Duff RA. Inquiry (Oslo) 2015; 58(2): 189-220.

Copyright

(Copyright © 2015, Informa - Taylor and Francis Group)

DOI

10.1080/0020174X.2015.986855

PMID

unavailable

Abstract

The article offers an Aristotelian analysis of emotion-based defences in criminal law: someone who commits an offence is entitled to an excuse if she was motivated by a justifiably aroused and strongly felt emotion that gave her good (albeit not good enough) reason to commit the offence and that might have destabilised the practical rationality even of a 'reasonable' person.
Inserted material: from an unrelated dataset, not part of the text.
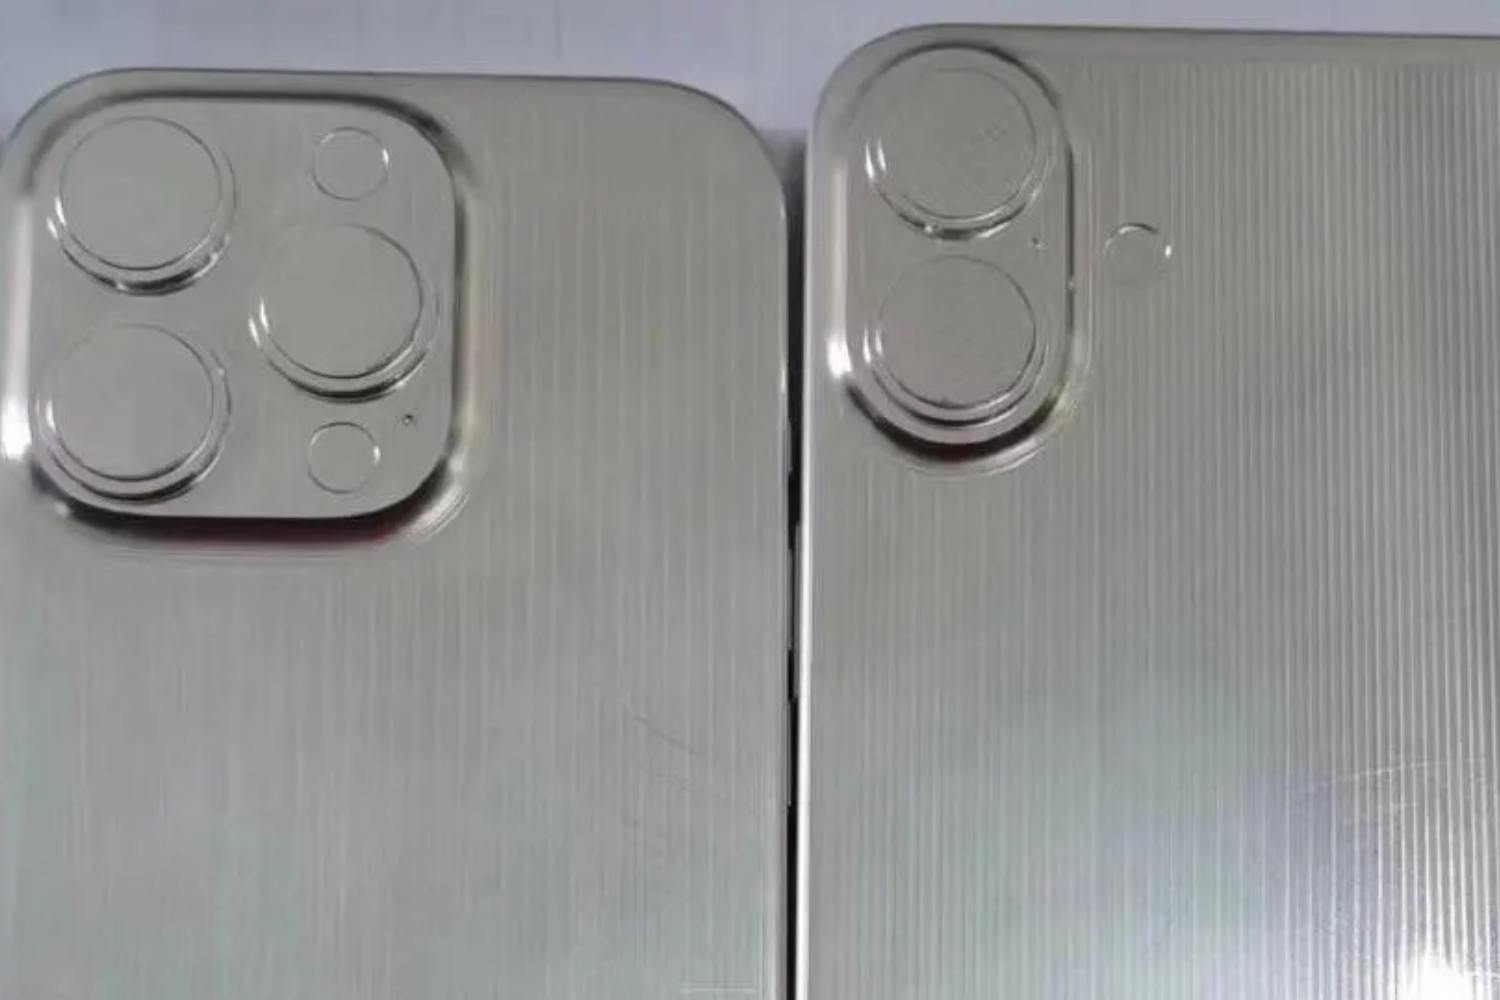 iphone 16: moldes de fabricação revelam detalhes da nova linha da apple
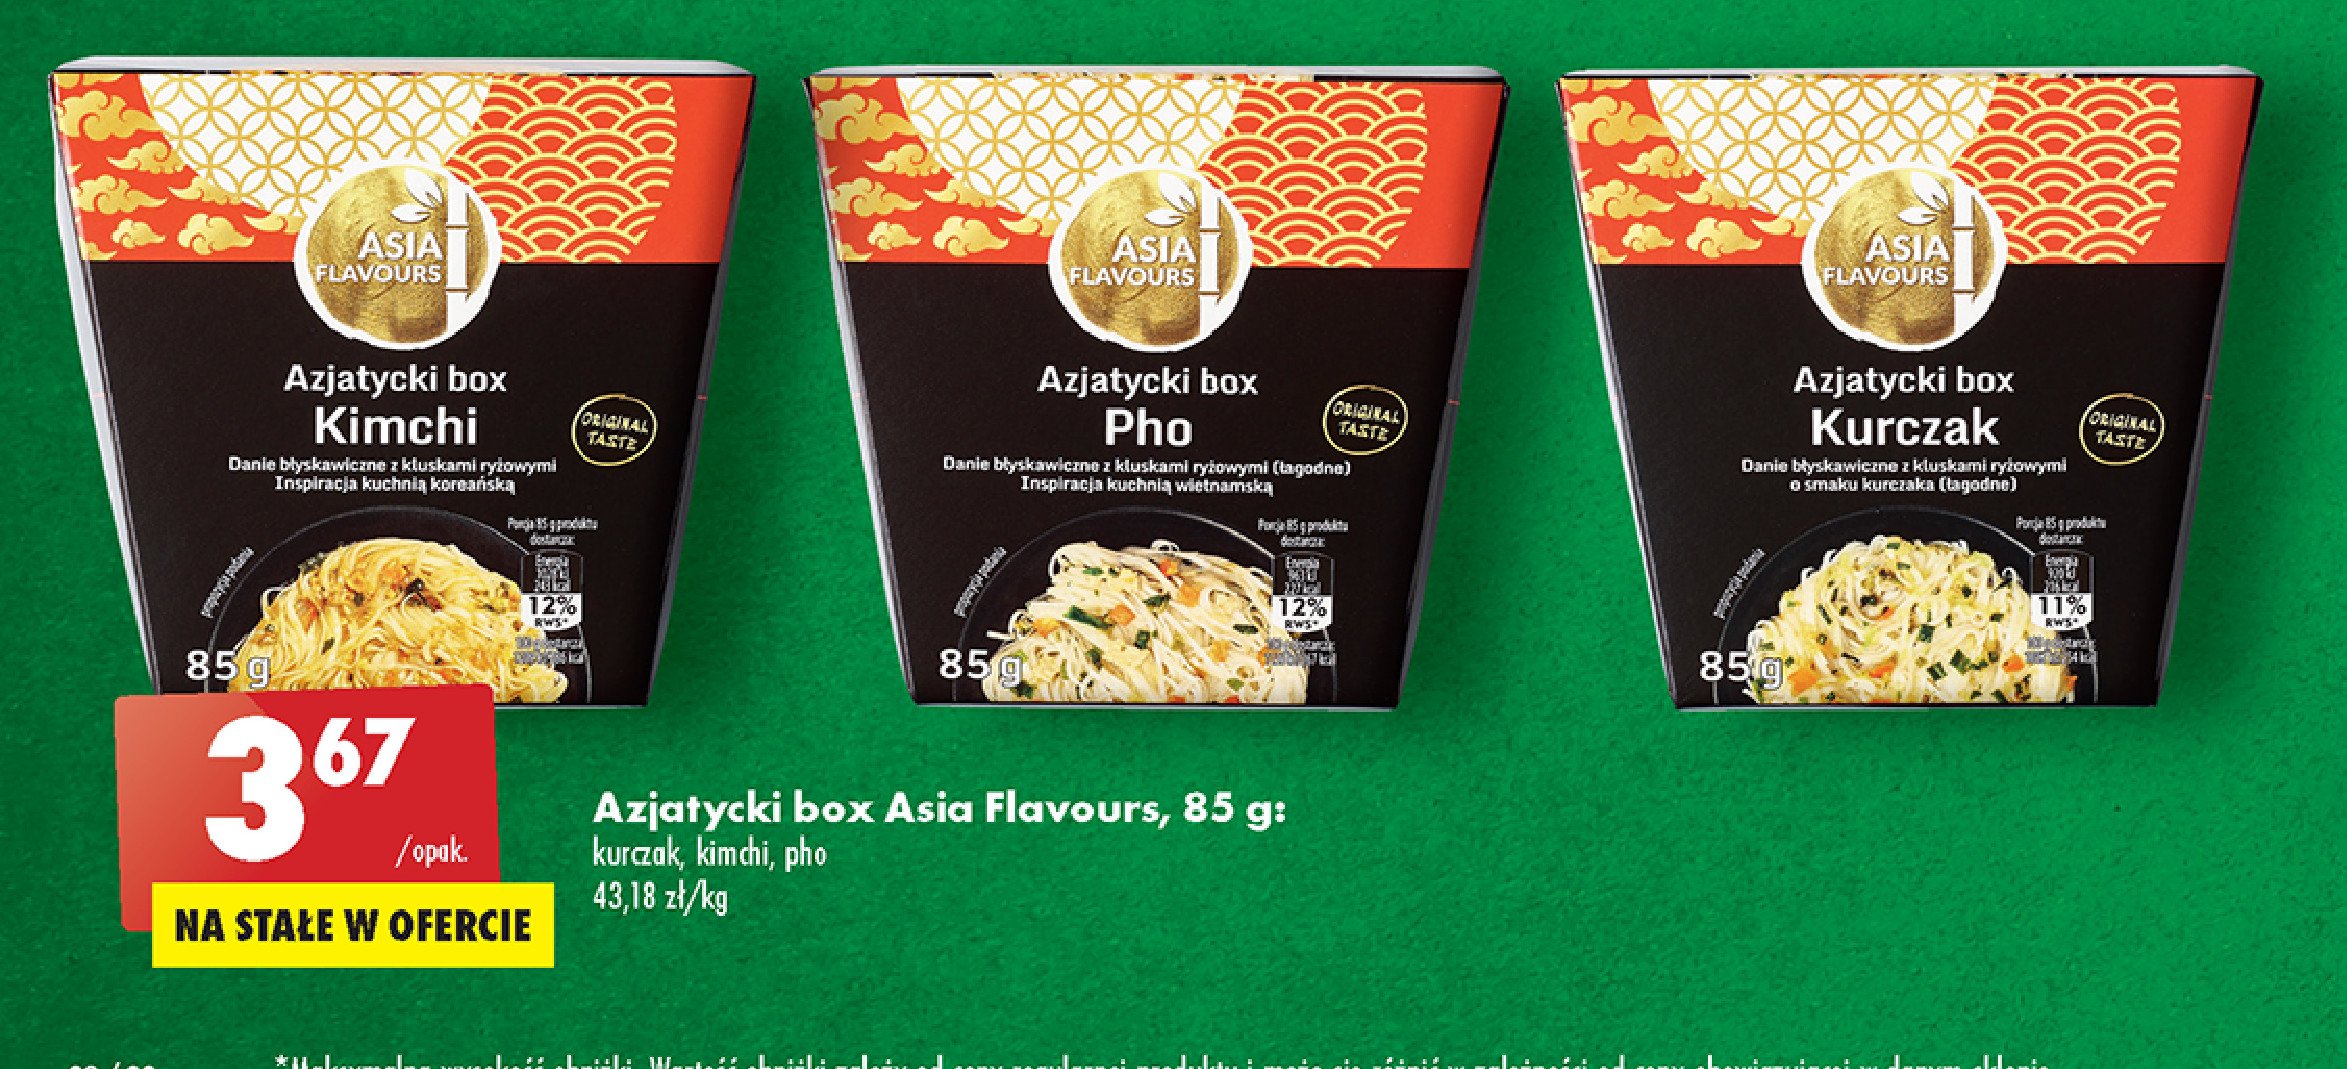 Azjatycki box kurczak Asia flavours promocje

This analysis captures the logical structure of duress and provocation as excuses--and also shows why provocation is controversial (and should perhaps be rejected) as even a partial defence. This pattern of analysis is then applied to compassion as a motivation for assisting another's death, in the light of some recent developments in English criminal law's treatment of assisting suicide: even if we accept that (in the law's eyes) such assistance cannot be justified, we can see how compassion can ground an excuse, and make sense of the Director of Public Prosecution's recently published Policy for dealing with cases of assisting suicide. Finally, the article briefly discusses the question of whether, if we accept that assisting suicide can sometimes be justified, compassion should play any essential role as an element in such justification. © 2015 Taylor & Francis.